人想要安全,就要让暗处的人自己先斗起来。虽然相对来说,你父亲在明,他们那些有心人在暗,但是那些有心人之间,肯定是相互知道彼此的。”杜康这么解释着。倍儿绕口。
“可是父亲他。”虽然听着杜康合乎逻辑的解释确实说得通,但是父亲的安全却不能不让小兰担心。
“放心好了,小兰。如果把毒品市场比喻成一片黑暗森林的话,那么毛利先生就是一只兔子而已。”杜康这么解释道,“这么比喻可能不恰当,不过你觉得这只兔子被一个猎人盯上存活的可能性大,还是被多个猎人注意到存活的可能性大。”
杜康又提出一个绕口的假设,让小兰思考。
“这不都是被猎人盯上了么。”小兰给出了这样的回答。
都被人盯上了,兔子还能好的了?
“我和john都看上了小兰你,准备一个闷棍把你绑回家当媳妇。那么小兰你觉得是你是只被我们中的一个人盯上,然后逃脱的可能性大,还是被我们两个人都盯上,然后逃脱的可能性大?”贝尔摩多换了个角度重新描述杜康的话。

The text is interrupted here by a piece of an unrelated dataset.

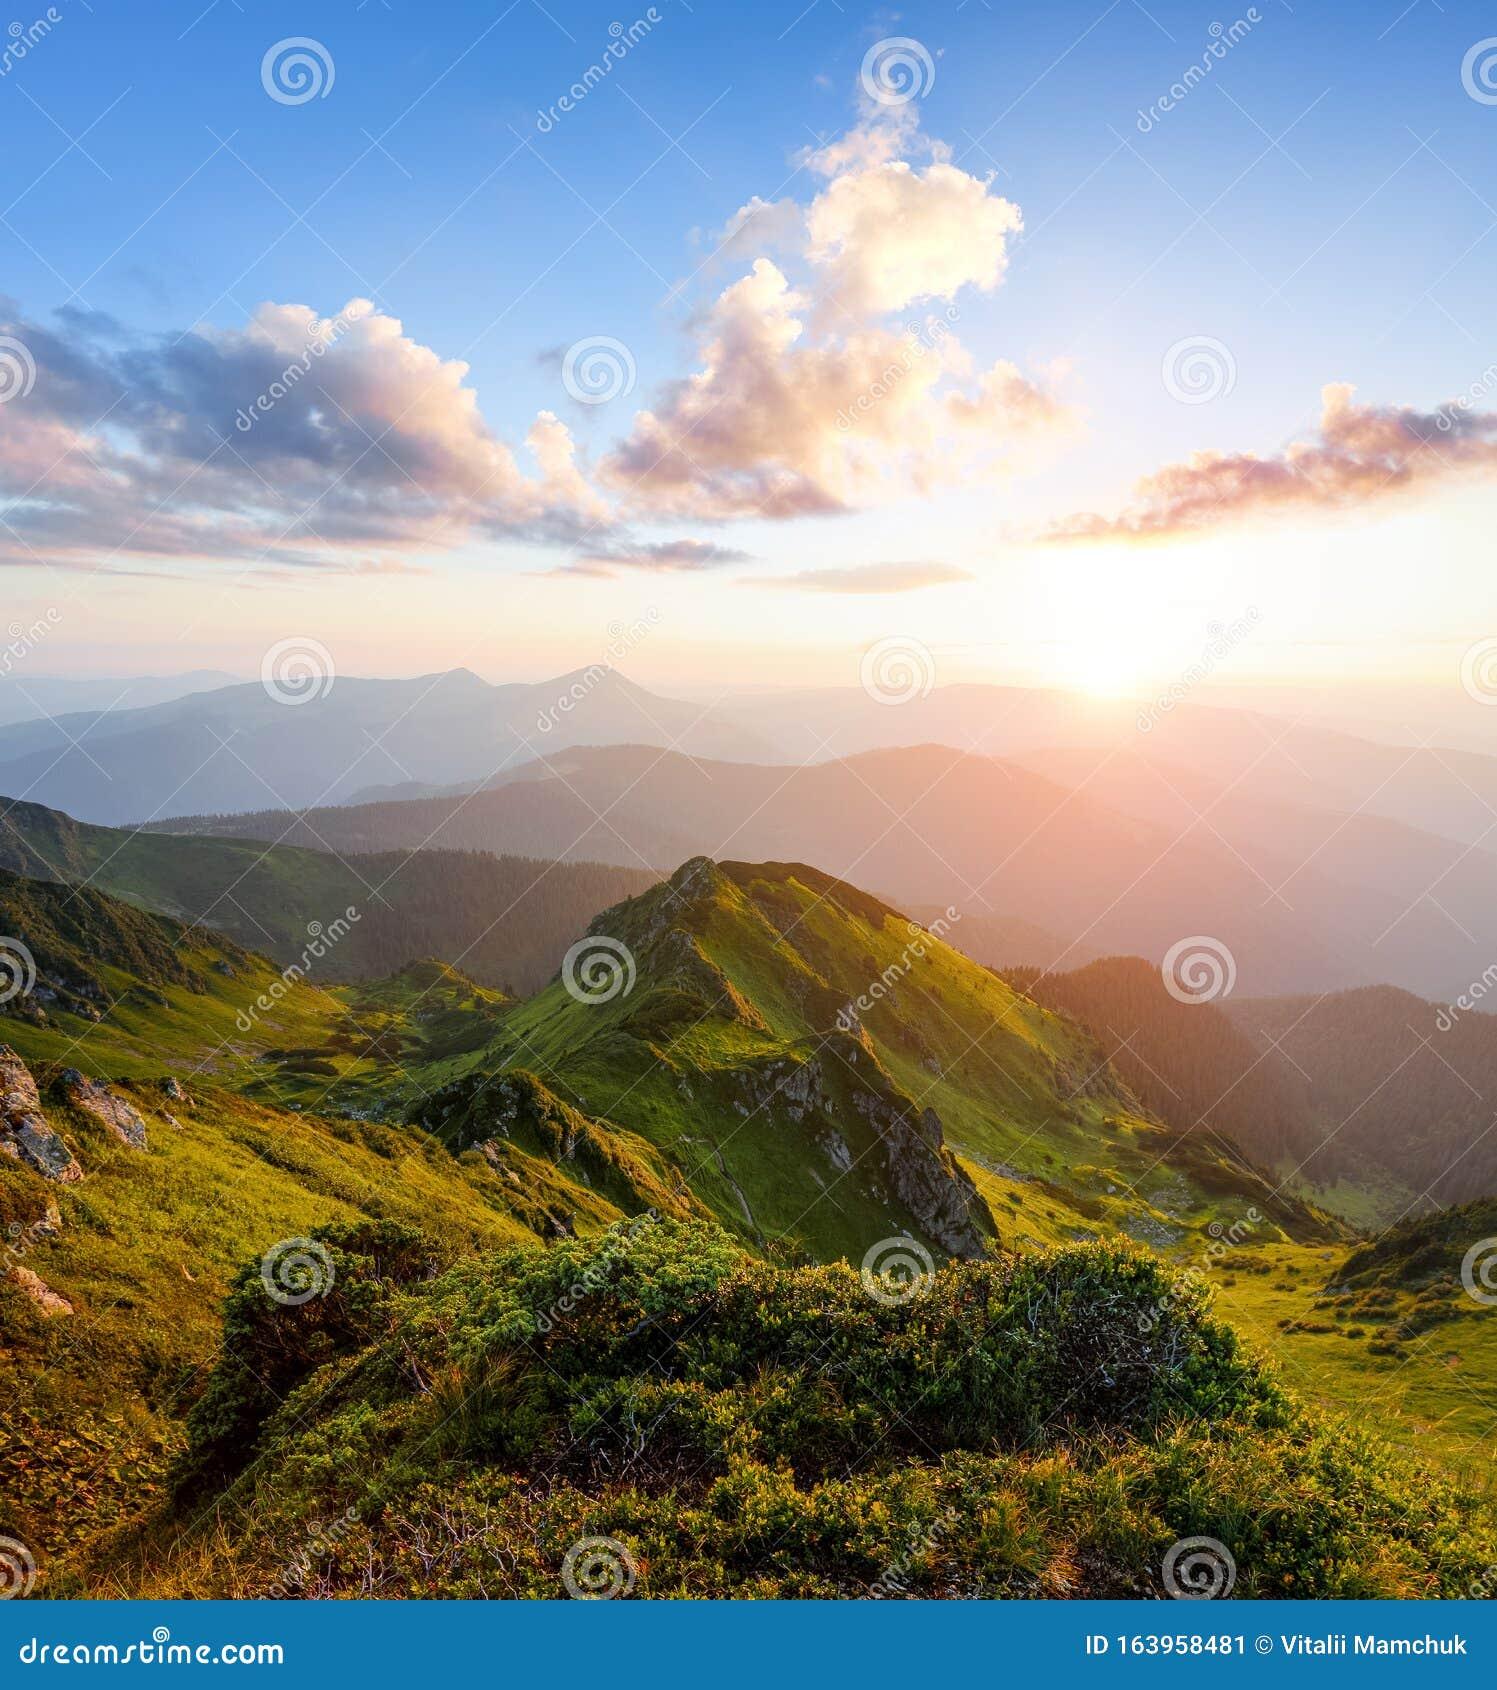 Spring Sunny Morning Mountain Landscape With Beautiful Sunrise

某种意义上说,杜康是很能清楚的认识自己的。比如说,自己确实不擅长讲故事。
杜康补充道,“不考虑你的空手道。”
毕竟,小兰的空手道某种意义上就是一个挂。只要不出现更厉害的挂,小兰的空手道是可以破碎万物的。
经过贝尔摩多的转述,杜康的意思就很明显地呈现了出来。